LMMsolver

CRAN RStudio mirror downloads R-CMD-check codecov DOI

The aim of the LMMsolver package is to provide an efficient and flexible system to estimate variance components using restricted maximum likelihood or REML (Patterson and Thompson 1971), for models where the mixed model equations are sparse. An important feature of the package is smoothing with P-splines (Eilers and Marx 1996). The sparse mixed model P-splines formulation (Boer 2023) is used, which makes the computations fast.

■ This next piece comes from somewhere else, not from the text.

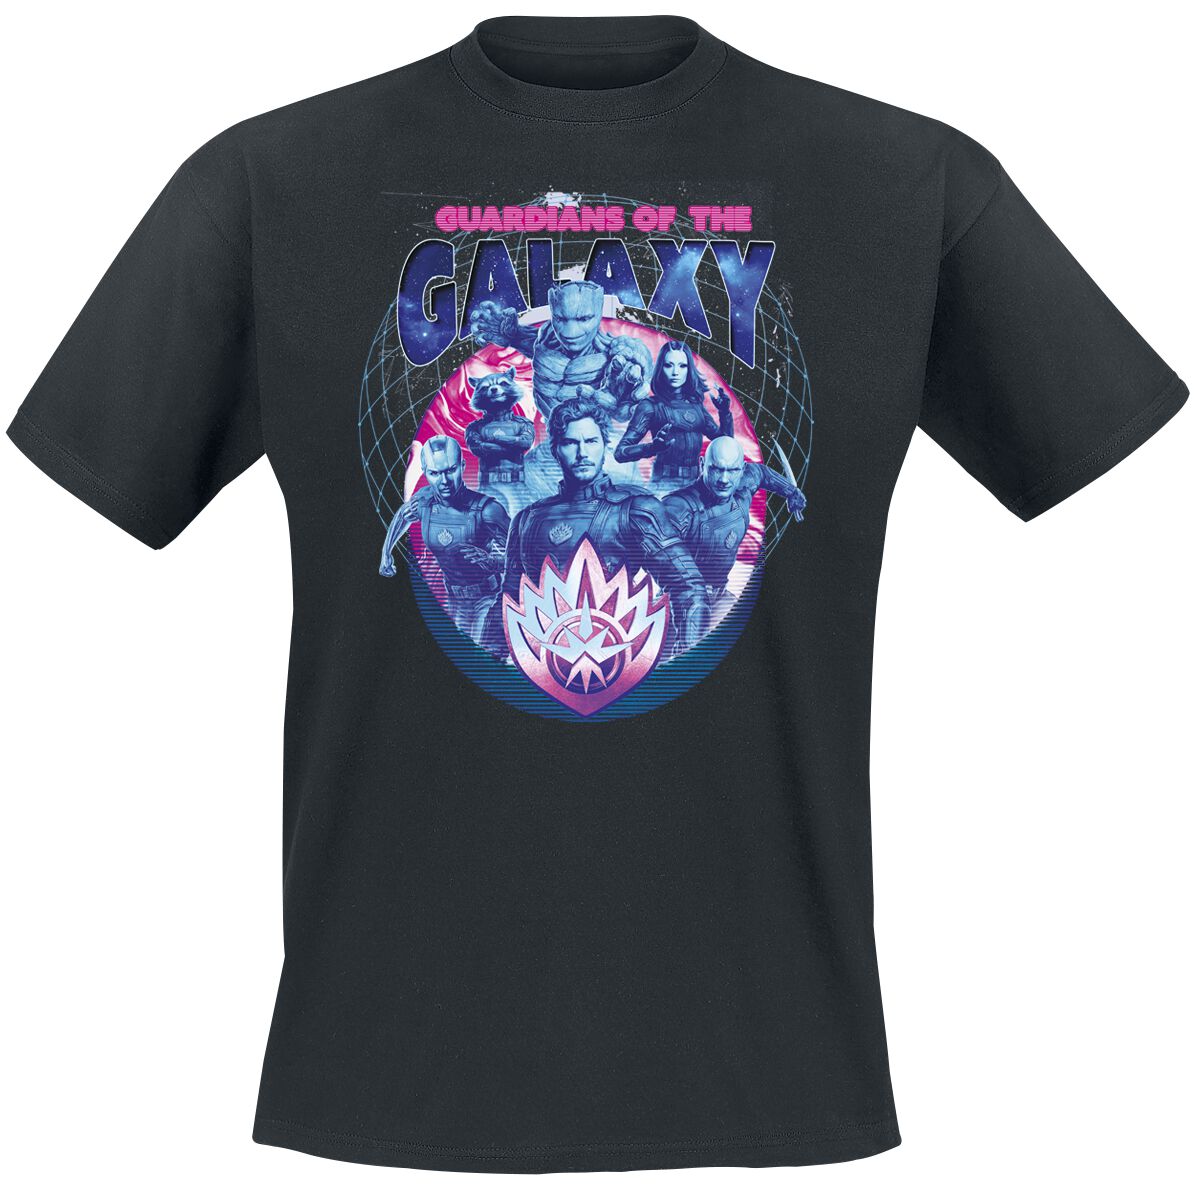 Guardians Of The Galaxy - Marvel T-Shirt - Vol. 3 - Guardians - S bis XXL - für Männer - Größe XL - schwarz  - EMP exklusives Merchandise!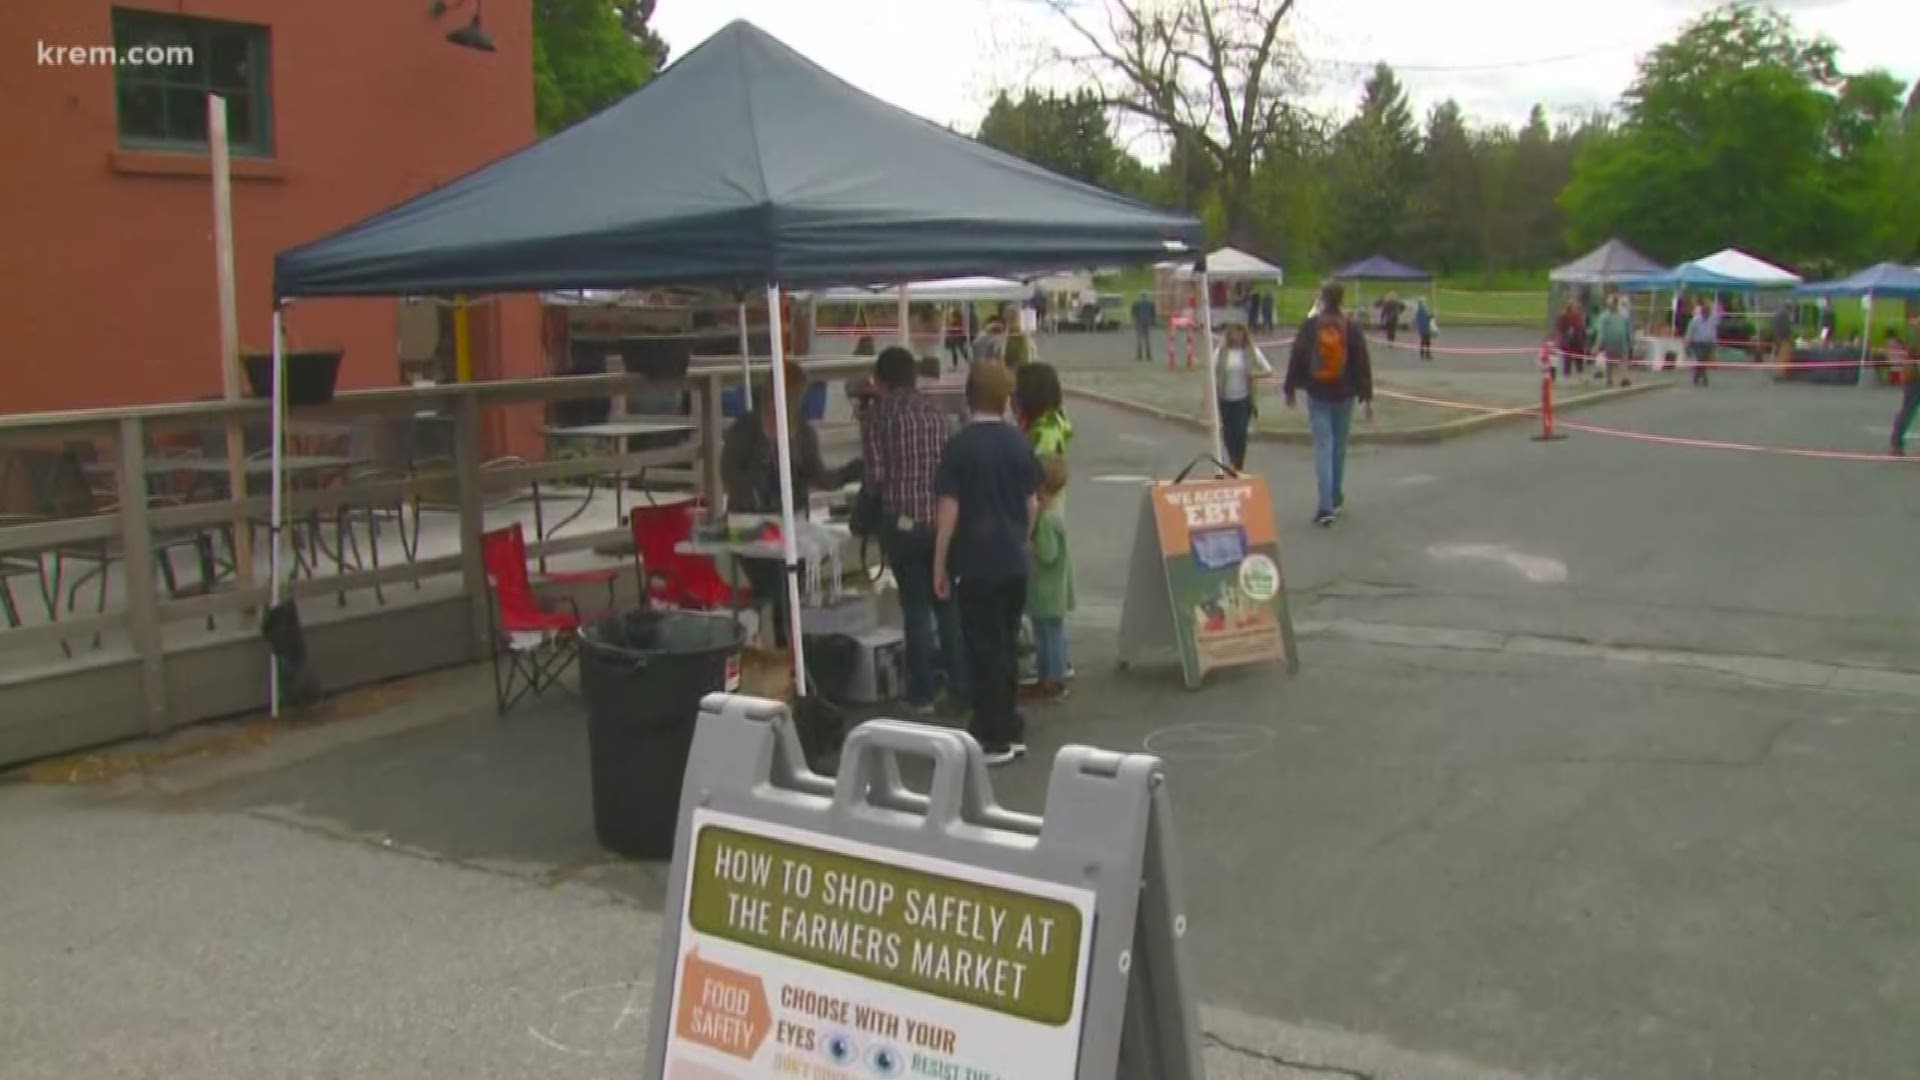 When will farmers markets in the Spokane area reopen?

The computational advantage of the sparse mixed model formulation is especially clear for two-dimensional smoothing (Boer 2023; Carollo et al. 2024).

Installation

install.packages("LMMsolver")
remotes::install_github("Biometris/LMMsolver", ref = "develop", dependencies = TRUE)

Example

As an example of the functionality of the package we use the USprecip data set in the spam package (Furrer and Sain 2010).

library(LMMsolver)
library(ggplot2)

## Get precipitation data from spam
data(USprecip, package = "spam")

## Only use observed data.
USprecip <- as.data.frame(USprecip)
USprecip <- USprecip[USprecip$infill == 1, ]
head(USprecip[, c(1, 2, 4)], 3)
#>      lon   lat  anomaly
#> 6 -85.95 32.95 -0.84035
#> 7 -85.87 32.98 -0.65922
#> 9 -88.28 33.23 -0.28018

A two-dimensional P-spline can be defined with the spl2D() function, with longitude and latitude as covariates, and anomaly (standardized monthly total precipitation) as response variable:

obj1 <- LMMsolve(fixed = anomaly ~ 1,
                 spline = ~spl2D(x1 = lon, x2 = lat, nseg = c(41, 41)),
                 data = USprecip)

The spatial trend for the precipitation can now be plotted on the map of the USA, using the predict function of LMMsolver:

lon_range <- range(USprecip$lon)
lat_range <- range(USprecip$lat)
newdat <- expand.grid(lon = seq(lon_range[1], lon_range[2], length = 200),
                      lat = seq(lat_range[1], lat_range[2], length = 300))
plotDat <- predict(obj1, newdata = newdat)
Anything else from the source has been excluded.